Can You Actually Measure 'Share of Model'?

"Share of model" is pitched as the agentic-era Share of Voice — how often AI assistants recommend your brand. Here's who's selling it, what's genuinely measurable today, and what isn't.

By The Ad Spend
A man rests his chin on folded arms atop a cubicle wall, meeting the camera's gaze.

As clicks migrate into AI answers, a new metric is being pitched as the agentic-era equivalent of Share of Voice: "share of model" — how often AI assistants like ChatGPT, Gemini, and Perplexity mention or recommend your brand.

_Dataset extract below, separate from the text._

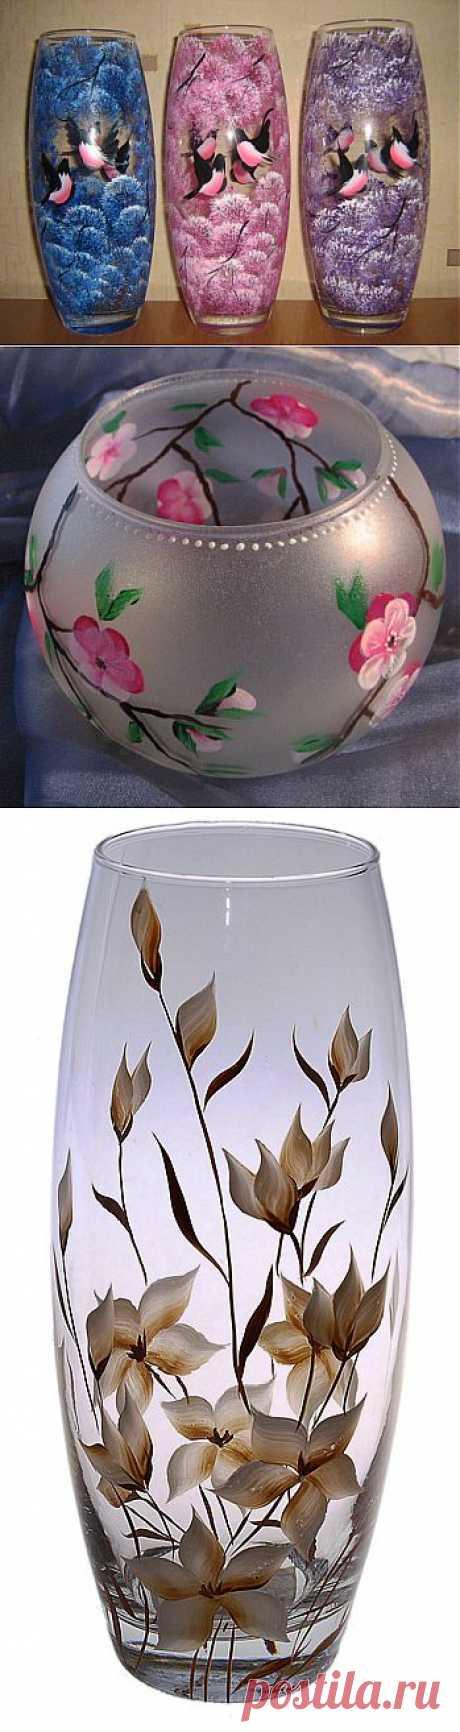 (+1) - la Pintura de los floreros de cristal por las manos | el Interior y el Diseño

A well-funded category of vendors is selling tools to measure it, and the money behind them is real. But before you add a "share of model" line to your dashboard, it's worth separating what is genuinely measurable today from what is still aspiration.

The vendors are real — and one is a unicorn

This is not a phantom category. The clearest signal of investor conviction: Profound, an 18-month-old startup building "answer-engine optimization," raised a $96 million Series C at a $1 billion valuation in February 2026, led by Lightspeed Venture Partners with participation from Sequoia and Kleiner Perkins — bringing total funding to $155 million. Profound says it works with more than 700 enterprise customers and 10% of the Fortune 500, including Target, Walmart, Ramp, MongoDB, U.S. Bank, and Figma. CEO James Cadwallader frames it as an expansion of search, not its death: "There's this idea that SEO is dead, and I very much disagree."

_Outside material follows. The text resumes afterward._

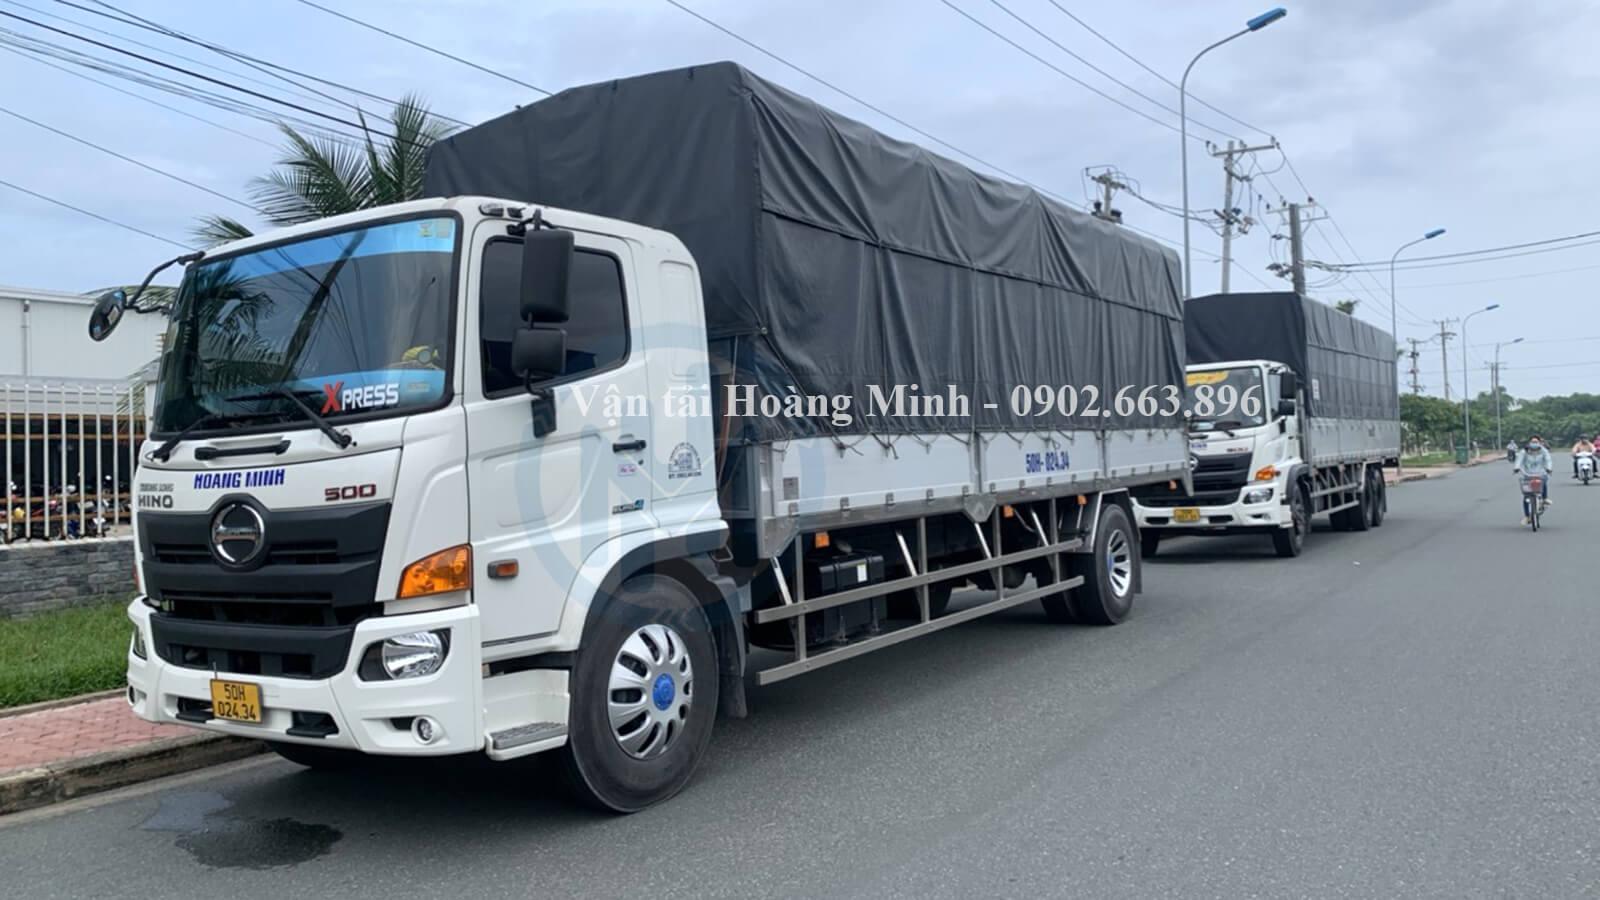 Vận tải Hoàng Minh cho thuê các loại xe tải vận chuyển nào

Profound is the scaled leader, but the field is crowded with verifiable players:

  • Evertune, Daydream, and Goodie — platforms that analyze how brands appear in AI-generated responses, track sentiment across model outputs, and identify which publishers shape model behavior (per Andreessen Horowitz's GEO analysis).

  • Peec AI — accessible generative-engine-optimization monitoring for smaller teams.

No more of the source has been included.